Minutes matters. There are situations where people get in danger through no fault of one's own like hiking a mountanious trail and getting surprised by changing weather conditions and requiring help. Then is when search and rescue operation teams come at play and one of the first things they try to do is locating you. Normally SAR teams can find you via your cellphone you are calling them. But there are remot places with limited coverage making it harder to locate you and finding you will take more time.

The problem indirectly arose from a similar problem the KSat-Stuttgart e.V. team had. They said:
"We need to find our rover in case it will be falling of from the REXUS sounding rocket. Our ROACH experiment will be flying on an suborbital ballistic trajectory in northern Sweden and landing in the snowy Swedish tundra. This is a remote region and even with the pretty good Swedish cellphone coverage, we cannot risk loosing our rover due to a failed location over SMS transmission"
So this object recovery problem made us aware, that when this is already time crititcal and if there are still regions and situations with lacking SAR infrastructure, we want to combine both tasks and do something against it!

How it works

Our approach is pretty simple: Have a beacon signal that can reach several ground stations. At those ground stations, the time of arrival will be determined and with this a classical trilateration will be done to position the signal's origin. The mathematics behind it all of us do in highschool. The challenging part is how to realize it with hardware that can be used at remote places because all those stations need to be connected.
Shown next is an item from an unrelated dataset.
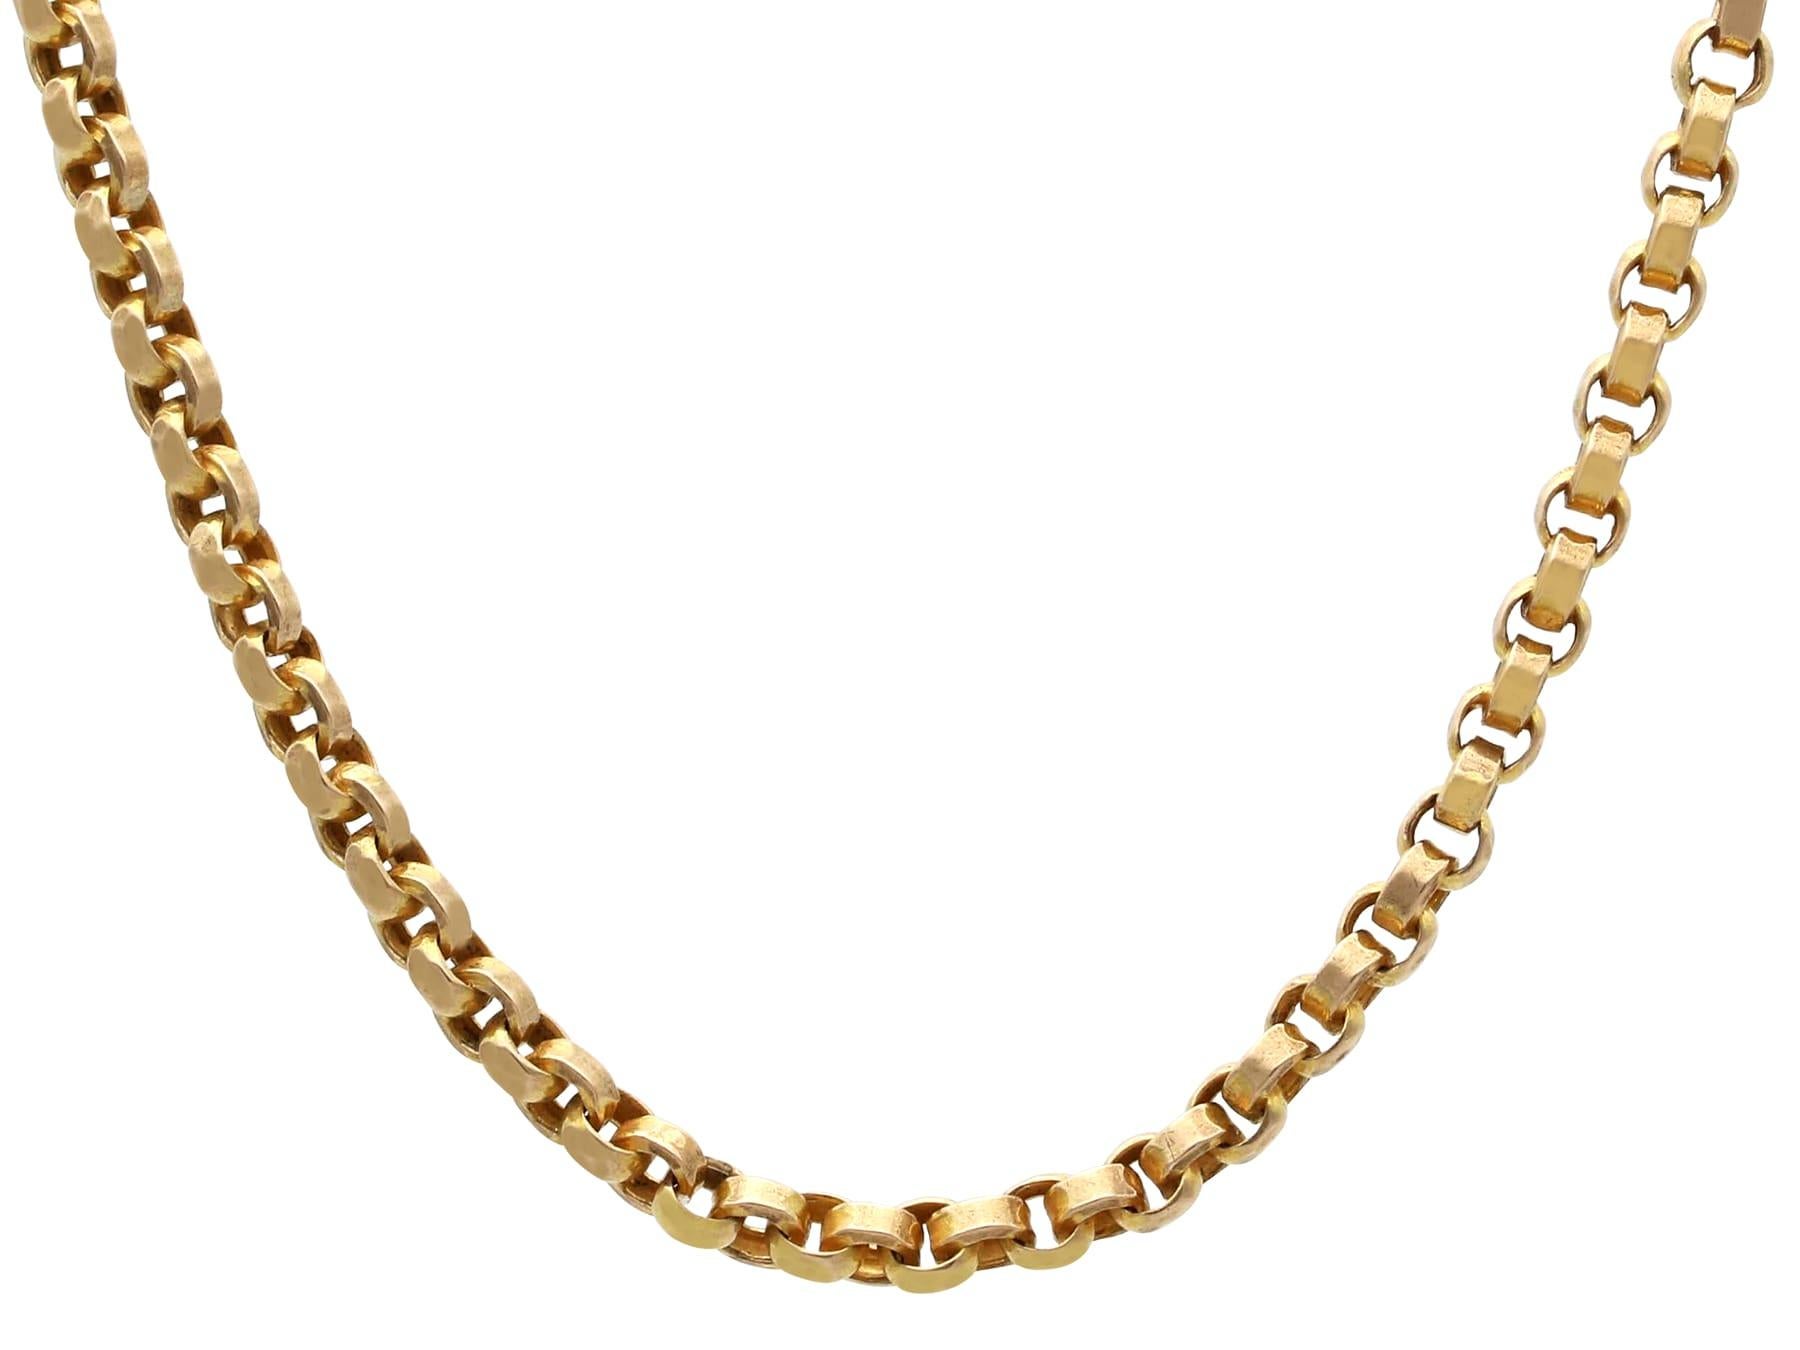 Antique 9 Carat Yellow Gold Longuard Chain - Circa 1890 In Excellent Condition For Sale In Jesmond, Newcastle Upon Tyne

Setting up shall be as easy as setting up a roadside pickinc, just several, and afterward you really collect all your trash:

• select 5+ locations for covering the area
• go there and place the station
• put power on
• they either mesh themselves, or you just collect the data at the end of the experiment
• let the station record the beacon signals and triangulat the position
• get the data and get help in case people need it

So for that reason this project has the "Experiments" attached to it because we will need to test it under real conditions. This is why we need you helping us with good ideas how to test and where to test. We already have 3 phases of tests and please send us more. You can add them on our Google Map. For now, we have the following...

Basic Principles:
While design the system we always kept in mind to have the following flexbility...
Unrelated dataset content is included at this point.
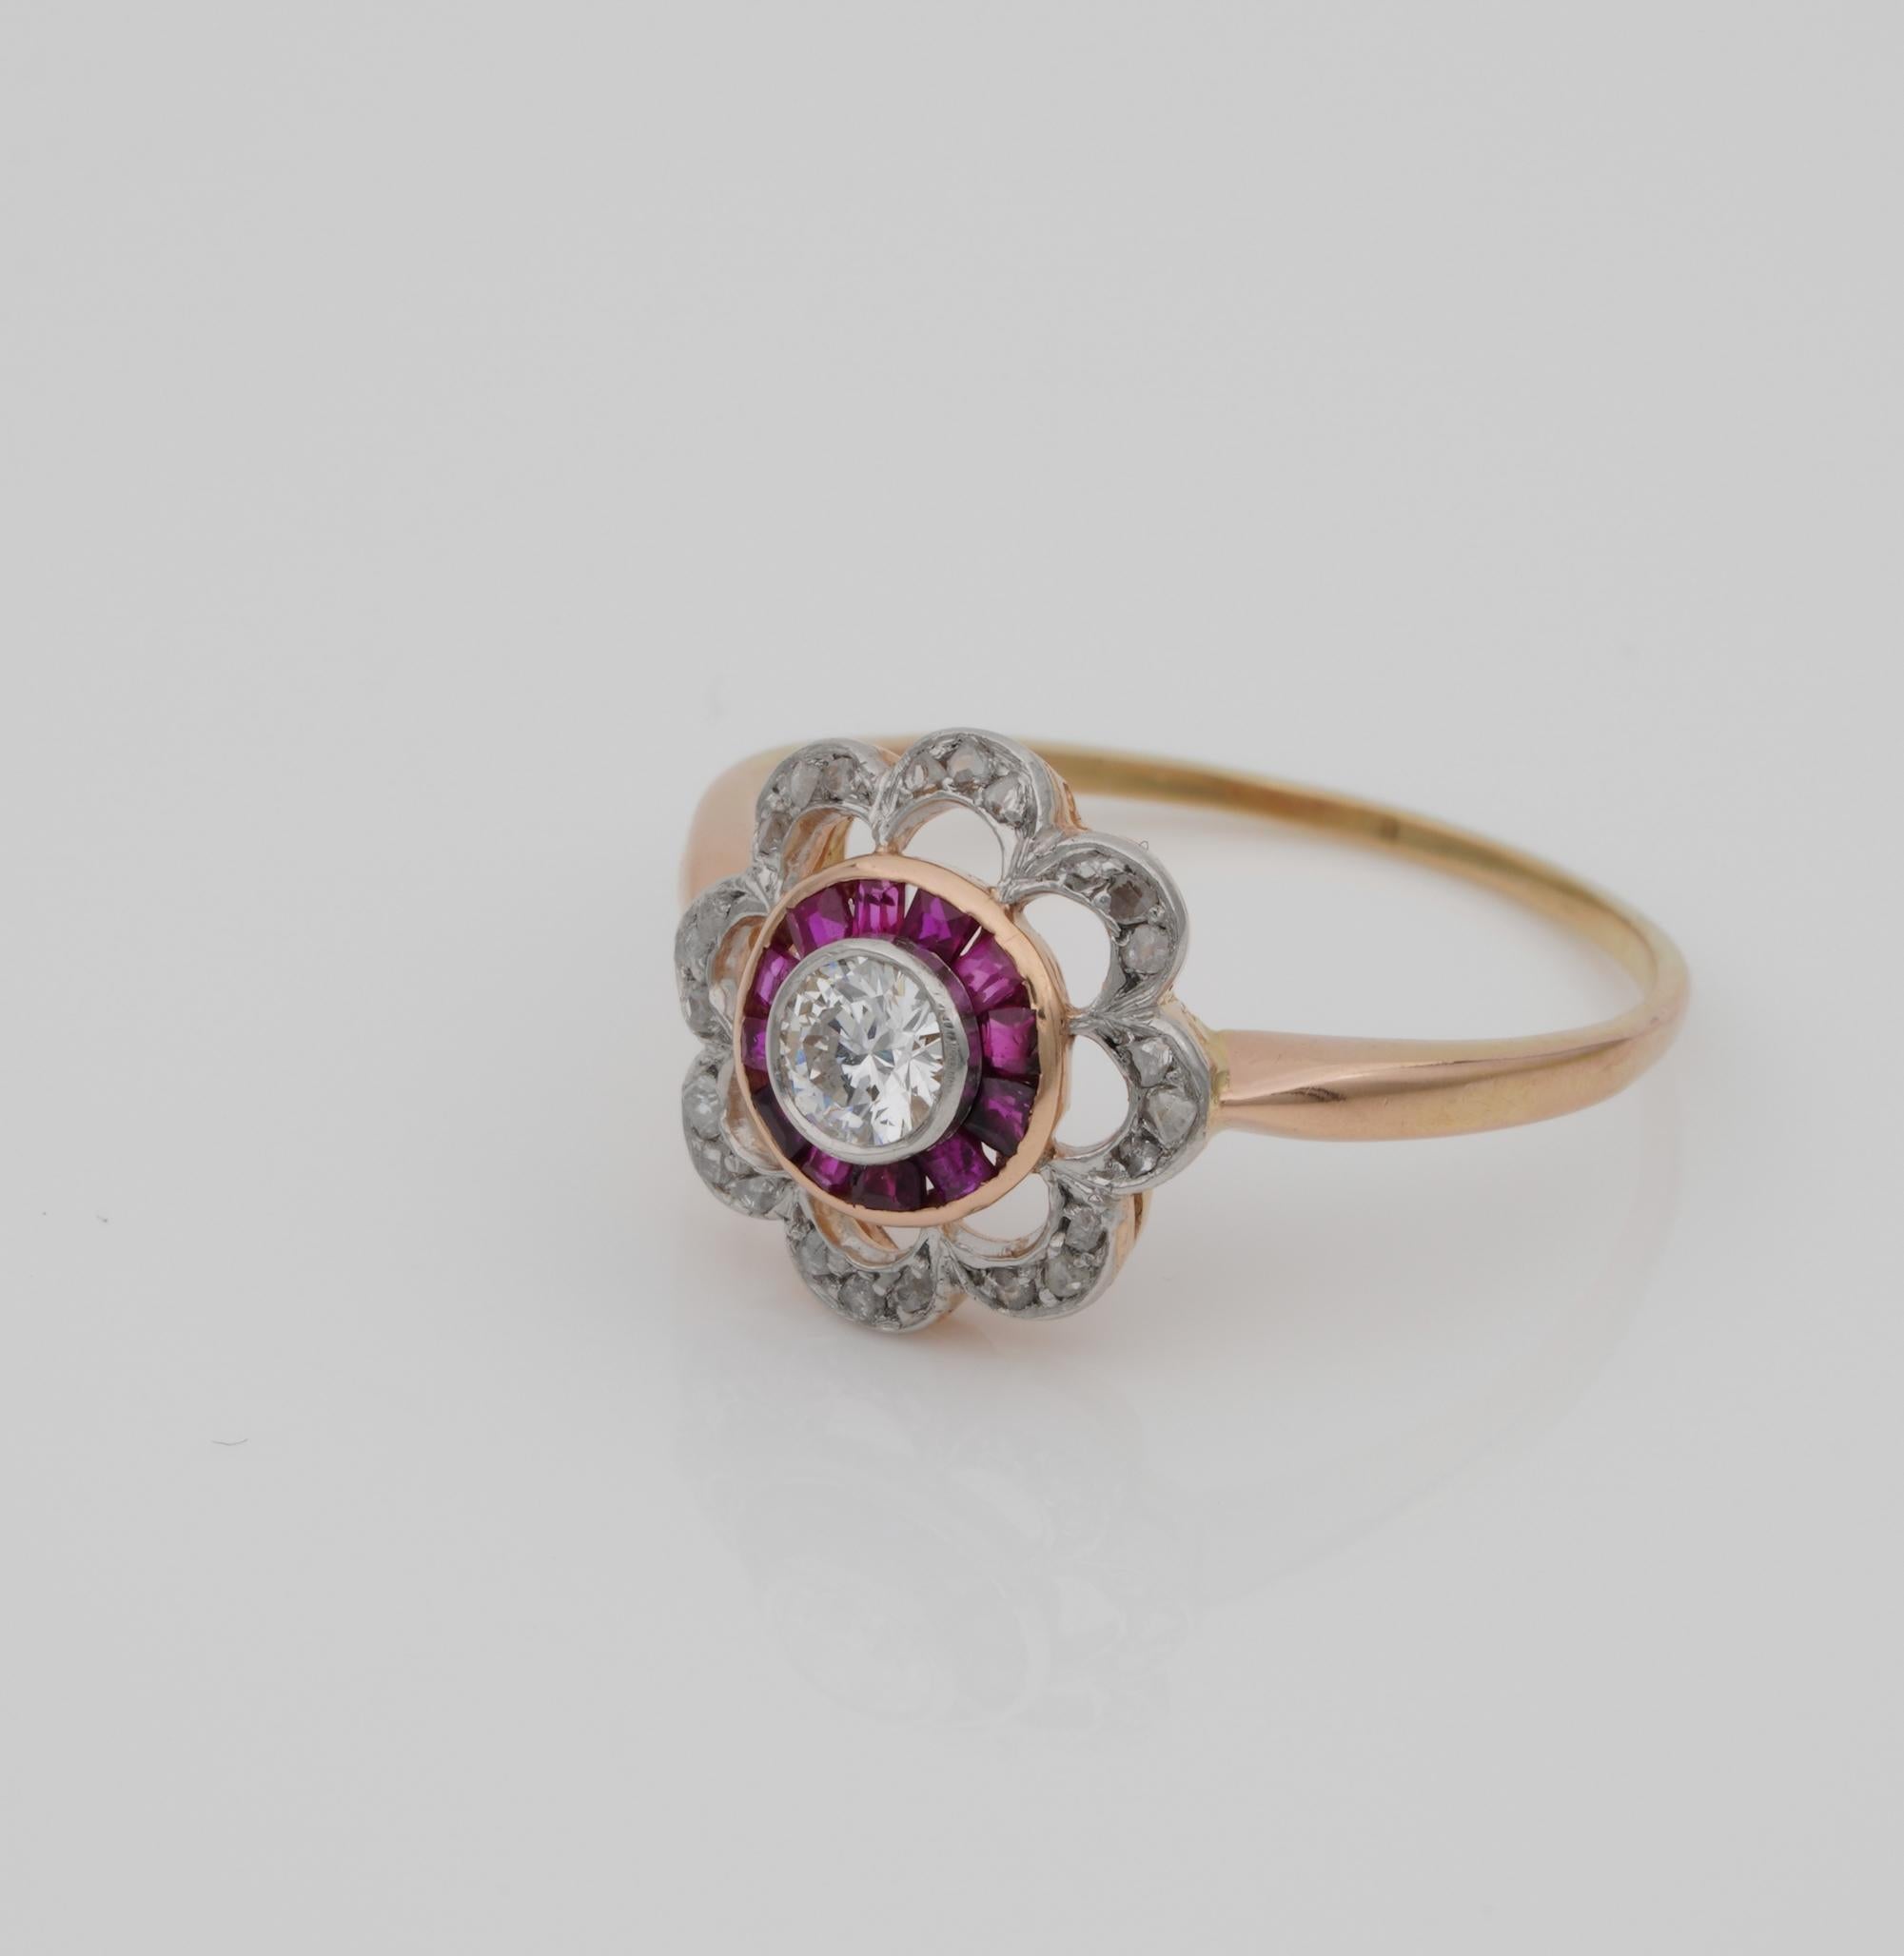 Belle Epoque Diamond Ruby Rare Target Ring, circa 1910 In Good Condition For Sale In Napoli, IT

• mobility: place a ground station somewhere and have it running autarkicly on battery (and solar power if region allows it)
• independence: you want it working without it being connected to the internet ("go there and grab this hdd by hand"). It is an Internet-of-Things systems, but with very high latencies in mind! (time to collect each ground stations data and get it back for analysis)
• comfort: if there is internet coverage, use it but don't rely on it, stay independent!
• quick response: a fast imprecise result leading you to a living person is better than a slow precise result leading to more sufferring.
• the more you know: the beacon can transmit more data (health conditions, environment, last known GPS location)
• expect the worst: that is why we want to test the system as hard and as much as possible, on ground and even in very high altitude.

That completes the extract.